Medical Image Enhancement Using Histogram Processing and Feature Extraction for Cancer Classification
This work addresses the need for better contrast in MRI images to aid physicians in diagnosing cancer, but it appears incremental as it applies existing methods like histogram equalization and SVM without introducing new paradigms.
The paper tackled the problem of low contrast in MRI images for cancer diagnosis by comparing histogram equalization techniques to enhance image quality and using K-means and SVM for tumor segmentation and classification, resulting in improved visual quality and feature extraction for medical applications.
MRI (Magnetic Resonance Imaging) is a technique used to analyze and diagnose the problem defined by images like cancer or tumor in a brain.

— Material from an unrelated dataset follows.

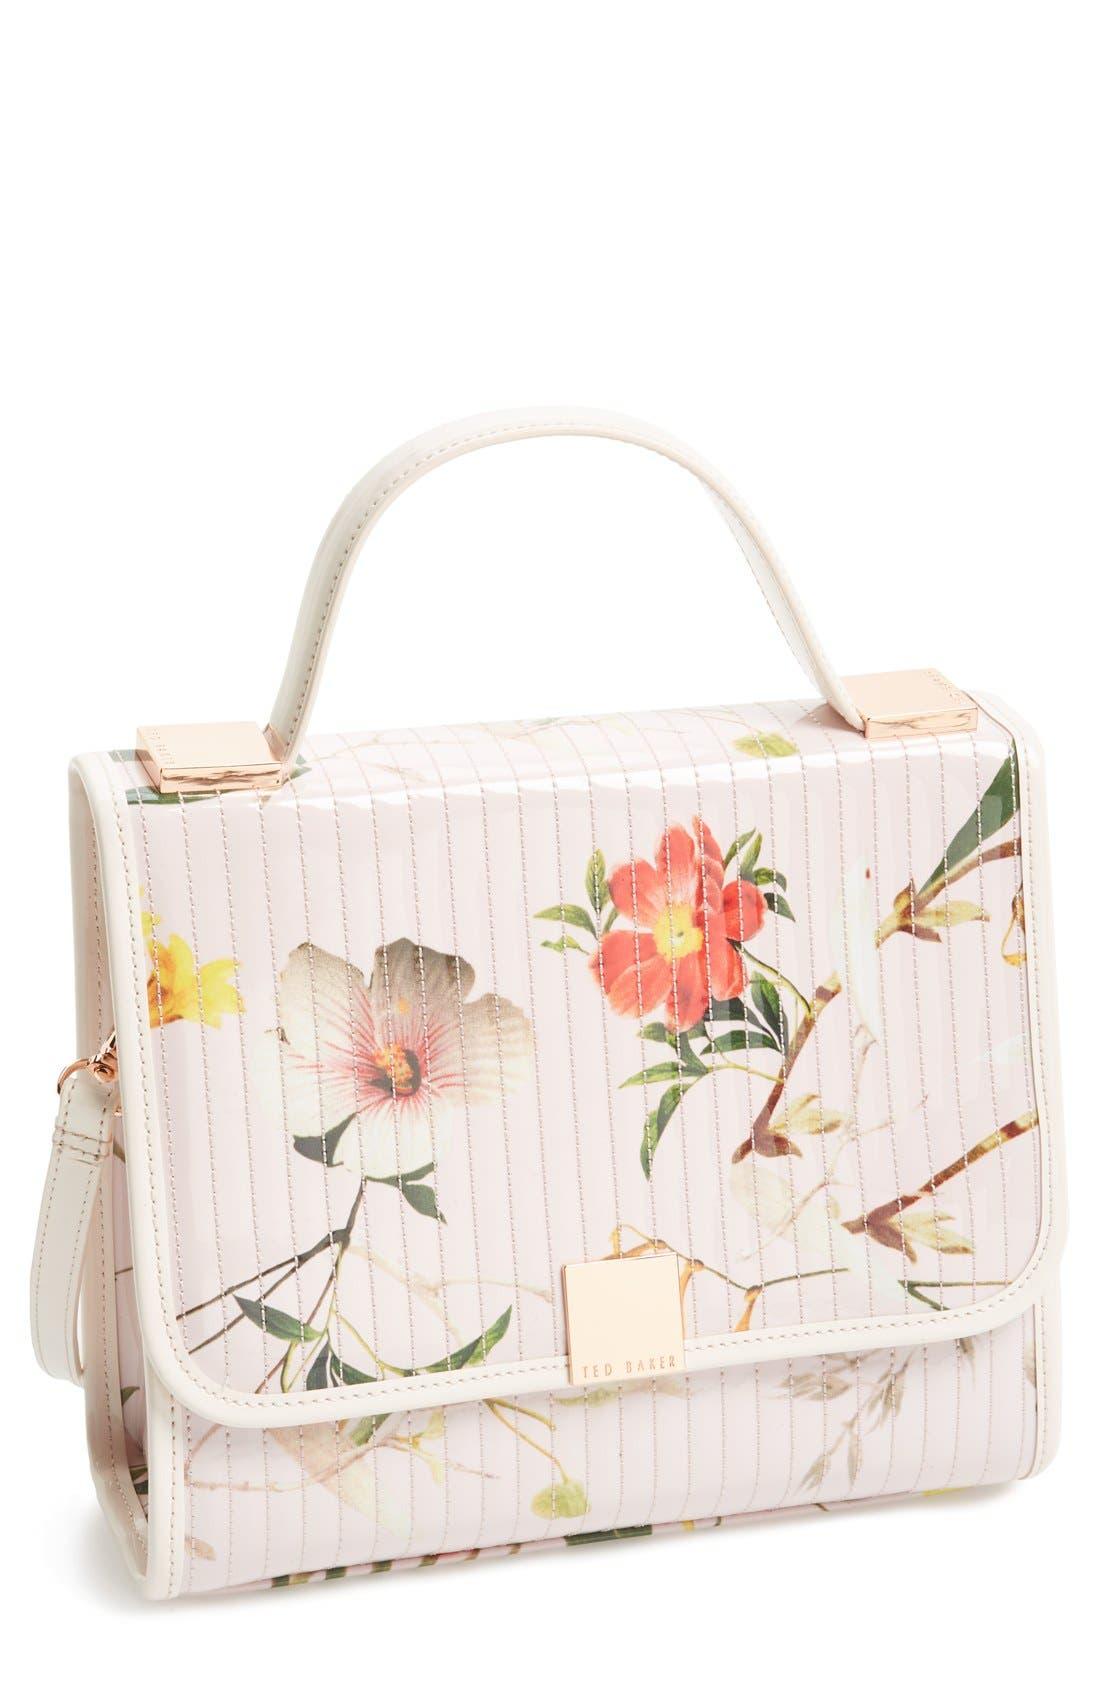 'Botanical Bloom' Crossbody Bag,                             Main thumbnail 1, color,                             680

Physicians require good contrast images for better treatment purpose as it contains maximum information of the disease. MRI images are low contrast images which make diagnoses difficult; hence better localization of image pixels is required. Histogram Equalization techniques help to enhance the image so that it gives an improved visual quality and a well defined problem. The contrast and brightness is enhanced in such a way that it does not lose its original information and the brightness is preserved. We compare the different equalization techniques in this paper; the techniques are critically studied and elaborated. They are also tabulated to compare various parameters present in the image. In addition we have also segmented and extracted the tumor part out of the brain using K-means algorithm. For classification and feature extraction the method used is Support Vector Machine (SVM). The main goal of this research work is to help the medical field with a light of image processing.